So far as mileage goes, I estimate that I have made it about a twentieth (or less) of the way to Emmaus. That would probably place me somewhere in Northern Israel around the ruins of the city of Dan.

I may be here for a while.

The situations that have prevented me from blogging are still holding me back and I’m not sure when I’ll have the available time to get back to the keyboard on a regular basis. I am doing well, however, and my relationship with God is continually growing. I just don’t have the time to blog.
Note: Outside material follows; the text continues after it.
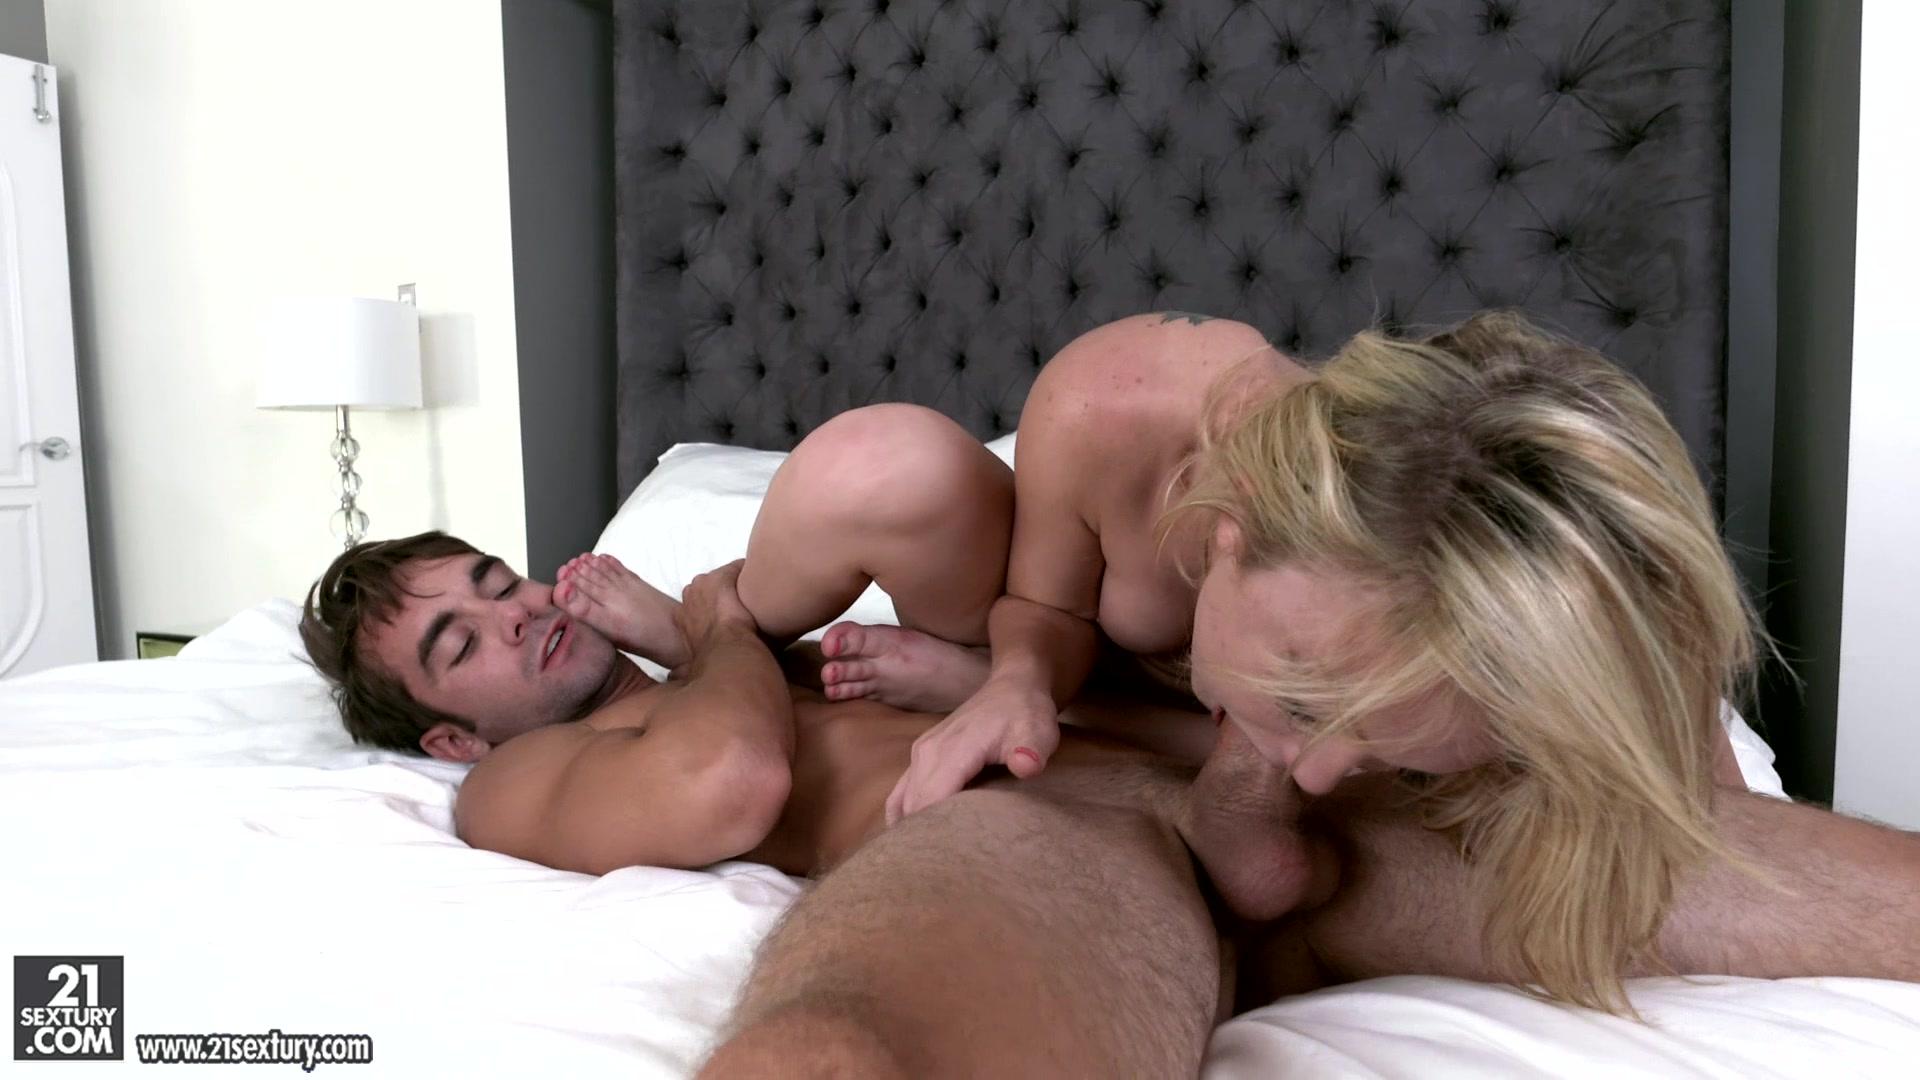 Порно разбудил зрелую 6 фотография

Therefore, I am calling it quits for now. Perhaps in a few months I may try and resurrect this blog. Or then again, maybe I’ll launch an entirely new project. Who knows…I’m just going to go where the Spirit leads me.

Until then.

Hasta la vista, baby!

Building a Better Blog (Hopefully)

I’ve been working on the theme and HTML here for the last few days to try and get things a little easier to navigate and a bit more aesthetically pleasing. I switched to the Genesis framework for WordPress back in December, but really didn’t play around with the features much until this week. I added Genesis’ Prose child theme yesterday and have actually spent a good deal of time playing with some the features on the back end. There is more flexibility than I realized and not a lot of need to get into the HTML unless you want to get really adventurous.

 

I’ll get it all tweaked in in a day or two and get back to blogging. It actually feels good to be writing again. Three months off was too long. And I really need to finish that series on Hell so that I can get into my next series. I may start looking at some of the issues surrounding the various preterist hermeneutics, full and partial.

Jesus as Torah – Love Wins

While I await my copy of Rob Bell’s new book Love Wins: A Book about Heaven, Hell and the Fate of Every Person Who Ever Lived to arrive later this week, I have been reading some of the blog posts and news articles about the book as well as engaging in a few discussions with other people concerning what Rob Bell’s views potentially are. I have also spent some time ruminating about how I feel about the topic of God’s love as it relates to Heaven and Hell.

Those who have read through my still unfinished series on Hell have no doubt picked up on the fact that I am highly doubtful of the existence of an eternal type of Hell where those who ultimately reject God will end up being eternally punished for a lifetime of sinful living. While I am not a Universalist and I do believe that salvation is through Christ alone, I am leaning toward more of an inclusivist theology. I would like to believe that my God is big enough to make a way to whatever afterlife there is, still through Christ, for those who may call upon Him in whatever context that they have been raised in, whether that be Allah or even the Great Spirit. With that said, I am still not excused from spreading the words of Christ whenever and wherever I can.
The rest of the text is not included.